As the excitement of the Olympic Games continues to reverberate around the world, let’s take a look at the bodies and minds of top performers, and ways that we can push our own limits responsibly. You will learn from two experts: Dr. Michael Joyner of Mayo Clinic shares his perspective on the physiology of elite athletes, and Dr. Ulrick Vieux of Hackensack Meridian Hackensack University Medical Center speaks from his experience as a sports psychiatrist.

First, let’s take a look at some of the most apparent athletic attributes: height and mass. Adjust the sliders below to see Olympic athletes with different body types, but remember, size isn’t everything.

Joyner says that those with certain observable characteristics often gravitate toward certain sports. ‘Bigger people tend to go to sports that require absolute power. And smaller people tend to go to sports that require aerobic power, or muscular power to body weight ratio. And over the years the sizes have converged and the variability amongst elite athletes is less.’

Joyner says that generally the best laboratory studies involve endurance athletes, especially runners, cyclists, rowers, and to some extent swimmers. ‘What you see is very high aerobic capacity in all of those people, but very different sizes. And you see that the swimmers are big and the rowers are even bigger, but the distance runners are tiny.’ Body shape, weight and composition change throughout an athlete’s career and they are not the only factors that contribute to Olympic success. Focusing too much on these attributes can stunt your progress and negatively affect your physical and mental health.

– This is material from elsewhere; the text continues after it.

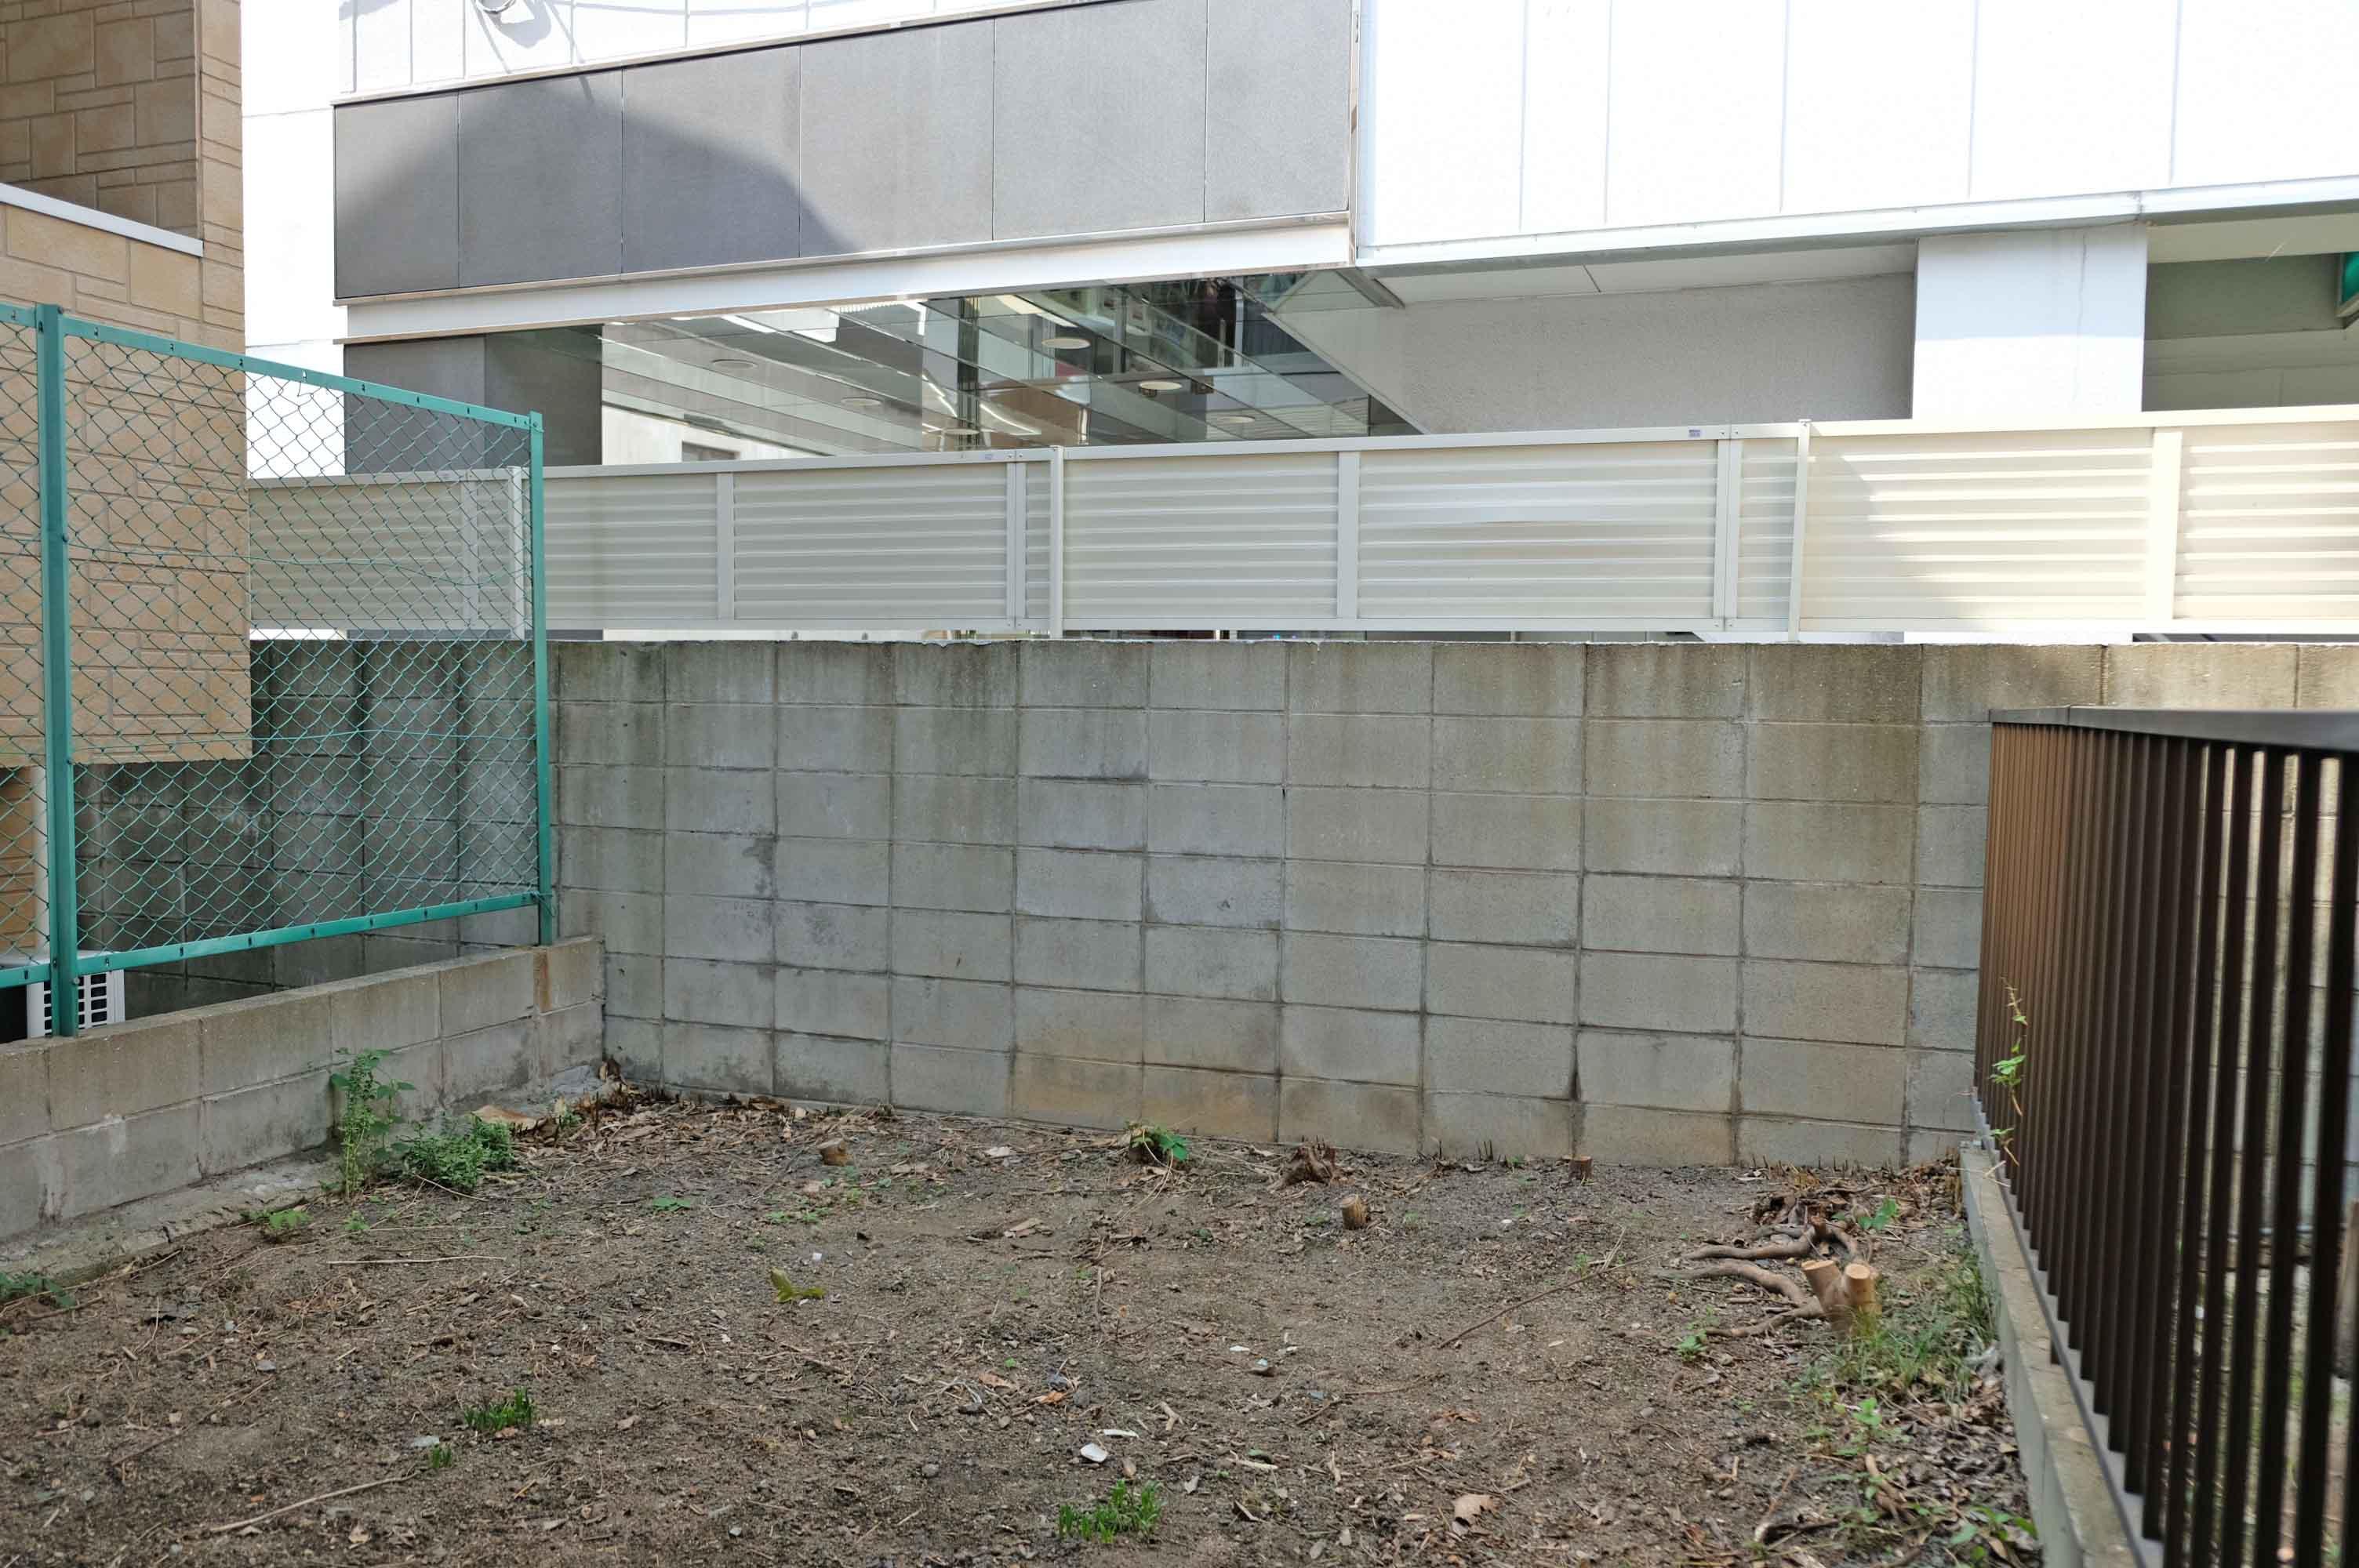 囲まれ感はありますが、敷地内にお庭スペースもあり是非活用したいところ。
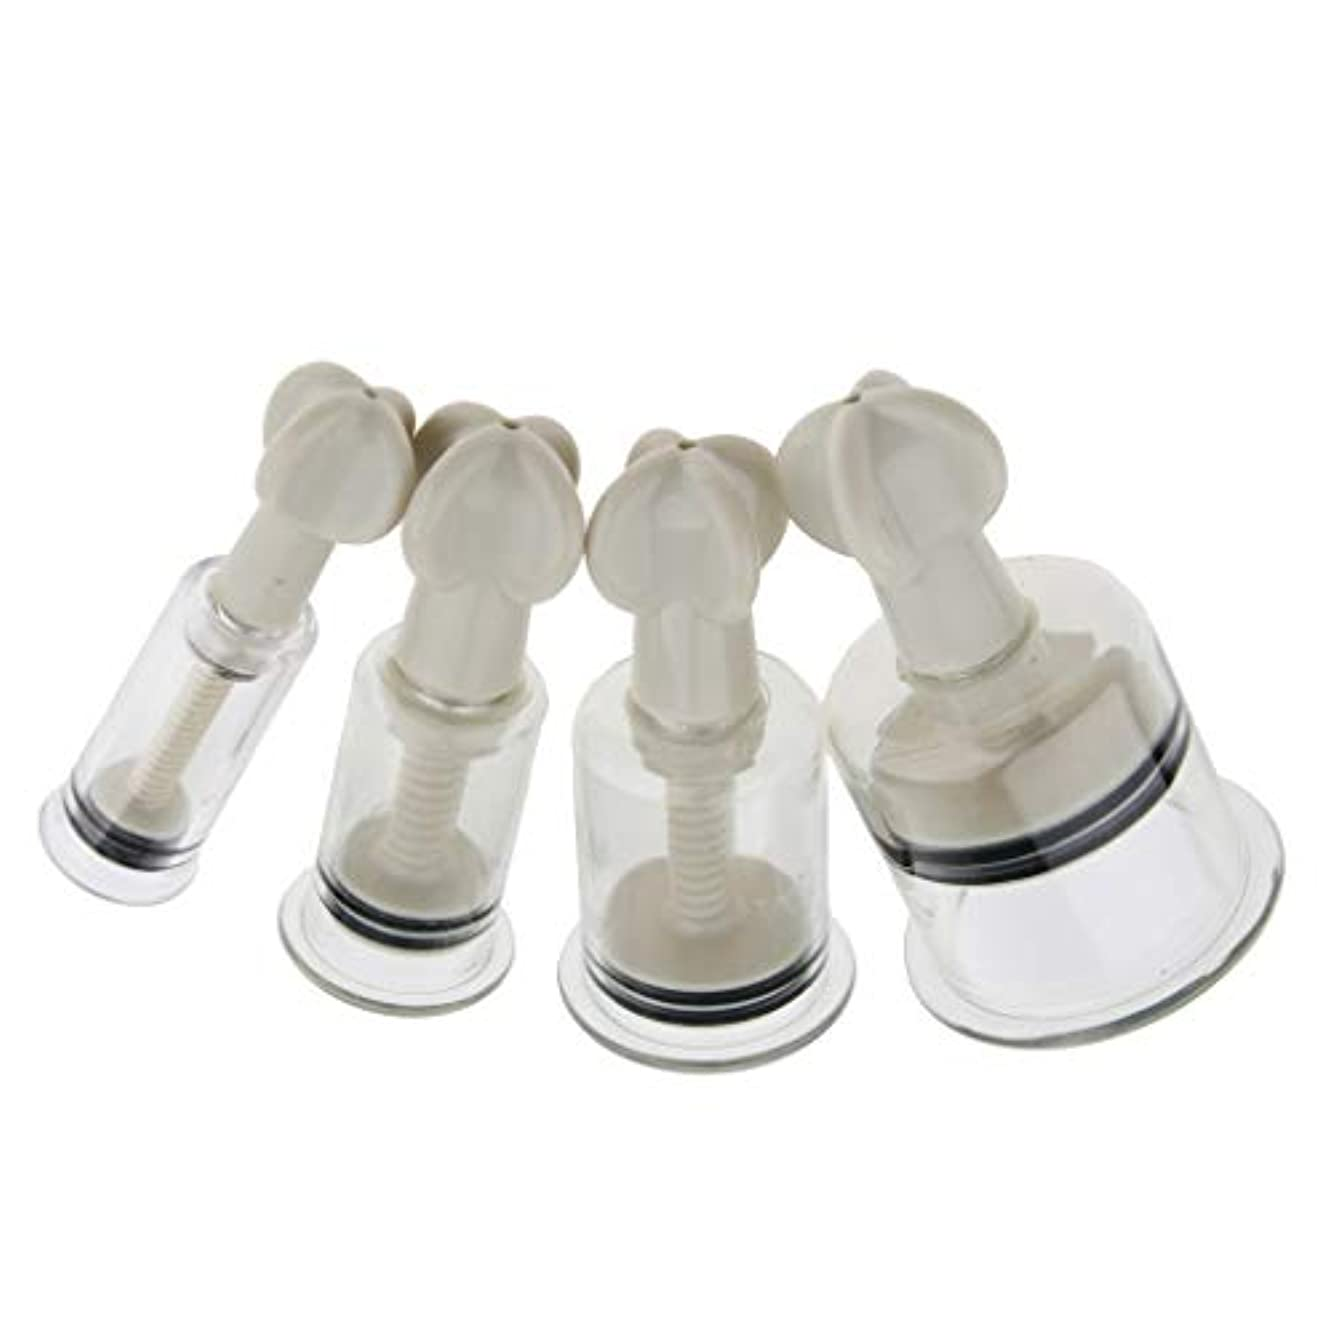 リルアルカトラズ島最初Baoblaze 真空カッピングセット マッサージカップ 吸い玉 筋肉痛救済 男女兼用 4個 プラスチック製 高品質

Up to 45% of female athletes and 19% of male athletes struggle with an eating disorder, according to a study in the European Journal of Sport Science. Vieux adds that 16.7 percent of the athletes had symptoms of OCD with 5 percent meeting the full criteria. Vieux urges empathy when you or someone you know may be dealing with an eating disorder. He also suggests that we should shift the way we think about weight loss. ‘Sometimes as lay people, we’ll look at these Olympic athletes, we’ll look at these professional athletes and then we’ll get motivated to lose weight. And then we’ll say, well, I’m going to go on a diet.’

‘Never use the word diet,’ says Vieux. ‘You want to use the word lifestyle change. Why? Because a diet can be temporary, but if you change your lifestyle, that is how you get the full benefits.’

Now, let’s explore the ways that innate physical characteristics like height, arm span, and leg length can play a role in an athlete’s success in various sports. We will also suggest ways that you can incorporate key aspects of these sports into your own exercise routine. While competing in the Olympics or following an athlete’s training routine is beyond reach for most, we can still allow Olympians to inspire us to try out the planche and front lever, to channel an inner gymnast, or to increase stamina and endurance at the swimming pool or track.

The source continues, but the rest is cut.